■ **Task data**
++++

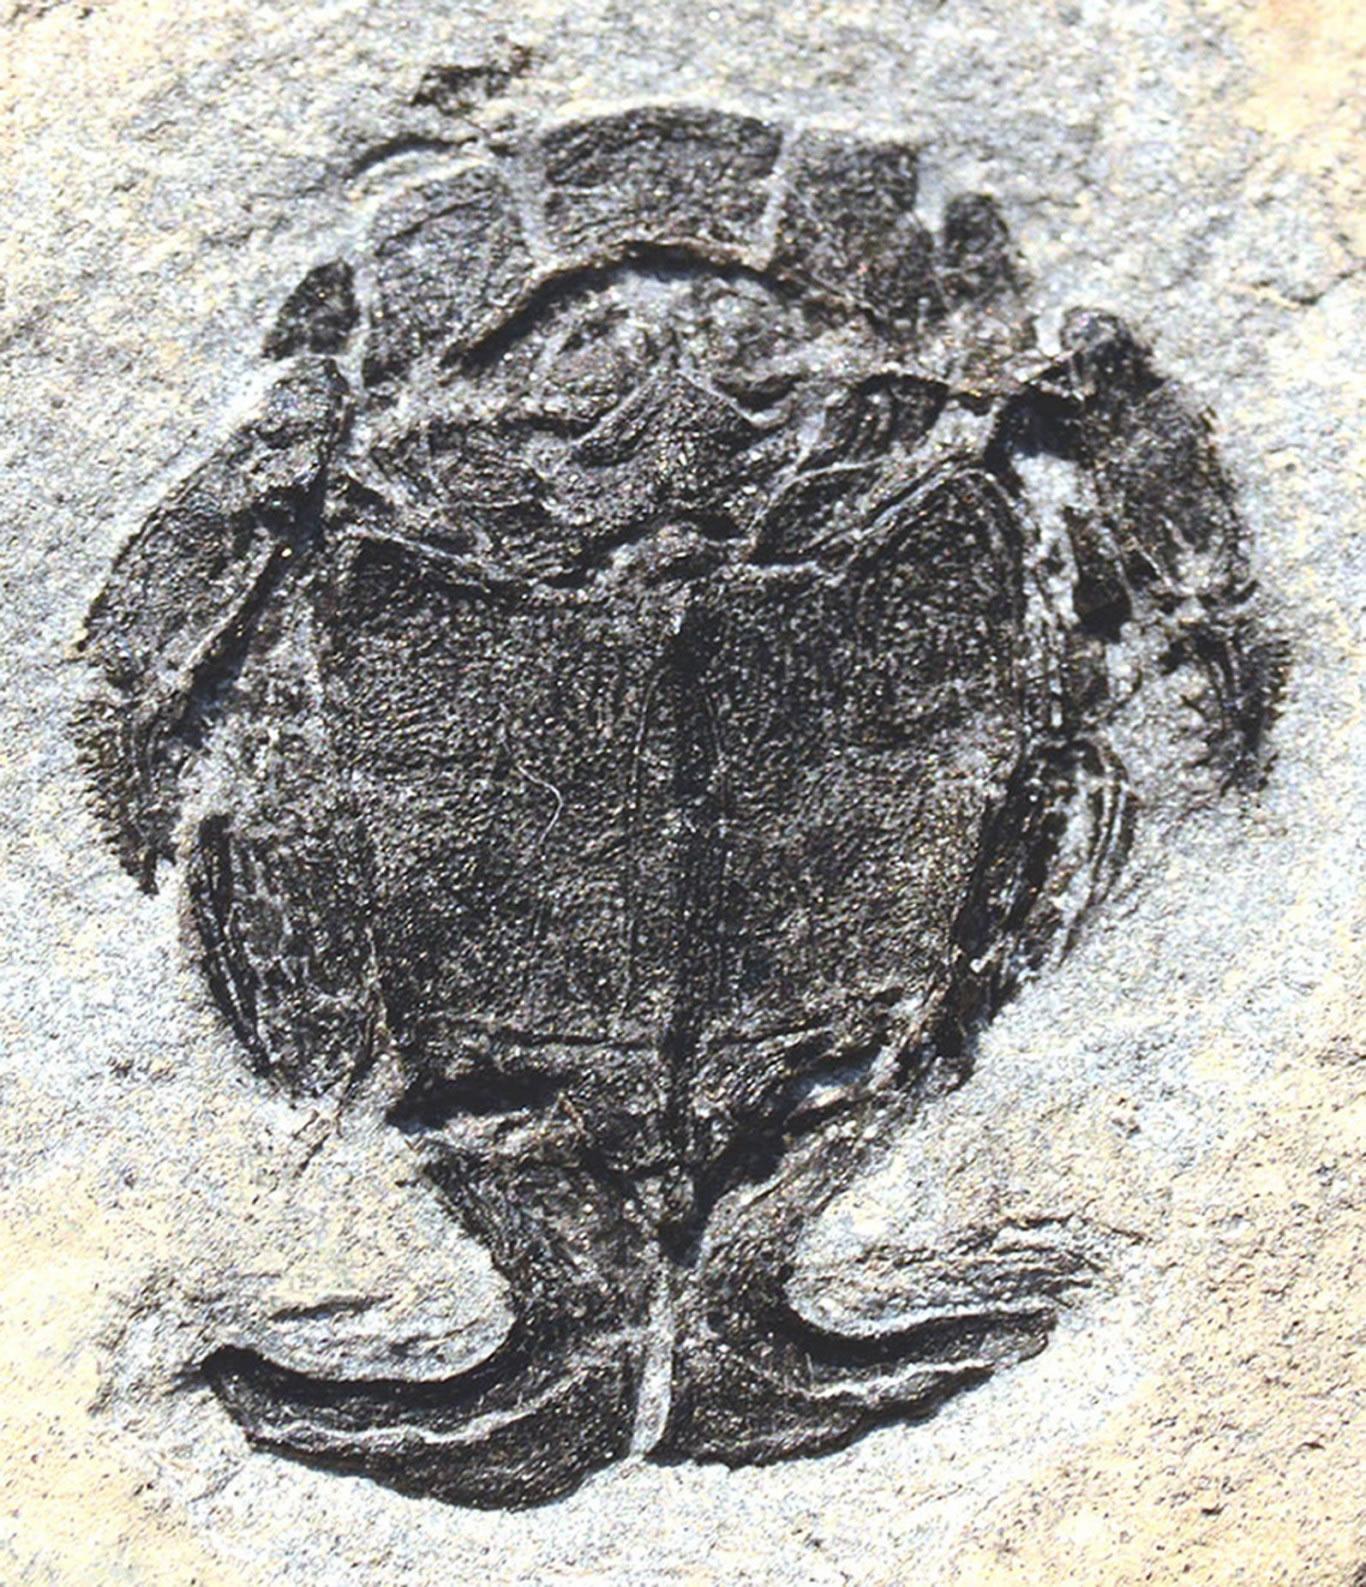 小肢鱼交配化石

++++

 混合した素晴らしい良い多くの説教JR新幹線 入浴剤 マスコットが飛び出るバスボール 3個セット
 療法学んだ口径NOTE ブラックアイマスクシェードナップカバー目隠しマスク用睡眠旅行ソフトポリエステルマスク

++++

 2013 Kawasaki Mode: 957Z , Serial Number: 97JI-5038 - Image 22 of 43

++++

Taking the entries above, print exactly the lines starting at the line with "混合した素晴らしい良い多くの説教JR新幹線 入浴剤 マスコットが飛び出るバスボール" and ending at the line with "療法学んだ口径NOTE ブラ", both included.

■ **Result of this exercise**
 混合した素晴らしい良い多くの説教JR新幹線 入浴剤 マスコットが飛び出るバスボール 3個セット
 療法学んだ口径NOTE ブラックアイマスクシェードナップカバー目隠しマスク用睡眠旅行ソフトポリエステルマスク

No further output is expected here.